* [What the task asks]
What lines in the records below mention "flower"? List them all.

* [The data]

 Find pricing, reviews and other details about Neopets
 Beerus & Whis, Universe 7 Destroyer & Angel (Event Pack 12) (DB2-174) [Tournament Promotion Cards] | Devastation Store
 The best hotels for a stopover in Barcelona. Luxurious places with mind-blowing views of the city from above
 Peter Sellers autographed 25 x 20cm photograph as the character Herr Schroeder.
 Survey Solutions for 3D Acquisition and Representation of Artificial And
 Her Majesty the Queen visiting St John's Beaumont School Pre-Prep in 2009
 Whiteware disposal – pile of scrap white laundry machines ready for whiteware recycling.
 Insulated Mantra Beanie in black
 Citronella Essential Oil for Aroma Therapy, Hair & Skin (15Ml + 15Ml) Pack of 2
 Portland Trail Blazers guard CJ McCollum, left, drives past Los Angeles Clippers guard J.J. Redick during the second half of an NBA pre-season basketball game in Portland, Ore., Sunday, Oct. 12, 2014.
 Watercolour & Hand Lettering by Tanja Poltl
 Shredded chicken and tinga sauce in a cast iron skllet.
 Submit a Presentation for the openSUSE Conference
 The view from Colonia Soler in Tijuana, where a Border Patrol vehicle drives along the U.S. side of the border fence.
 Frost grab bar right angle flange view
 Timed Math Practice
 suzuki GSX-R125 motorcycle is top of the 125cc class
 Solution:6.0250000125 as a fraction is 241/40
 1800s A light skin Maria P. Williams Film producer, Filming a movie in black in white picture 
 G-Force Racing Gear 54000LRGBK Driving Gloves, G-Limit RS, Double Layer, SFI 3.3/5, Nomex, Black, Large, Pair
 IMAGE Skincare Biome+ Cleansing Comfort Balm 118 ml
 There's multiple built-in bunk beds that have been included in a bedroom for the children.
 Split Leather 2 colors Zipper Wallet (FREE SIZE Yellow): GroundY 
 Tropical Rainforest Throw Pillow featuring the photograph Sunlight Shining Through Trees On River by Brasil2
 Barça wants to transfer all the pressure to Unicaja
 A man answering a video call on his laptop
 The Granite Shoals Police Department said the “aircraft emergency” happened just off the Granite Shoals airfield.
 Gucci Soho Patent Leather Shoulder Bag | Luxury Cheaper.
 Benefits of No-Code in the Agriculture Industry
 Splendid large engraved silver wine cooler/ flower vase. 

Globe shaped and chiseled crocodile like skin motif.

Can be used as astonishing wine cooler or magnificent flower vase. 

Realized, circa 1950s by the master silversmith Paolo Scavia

* [Completed exercise]
 Splendid large engraved silver wine cooler/ flower vase. 
Can be used as astonishing wine cooler or magnificent flower vase. 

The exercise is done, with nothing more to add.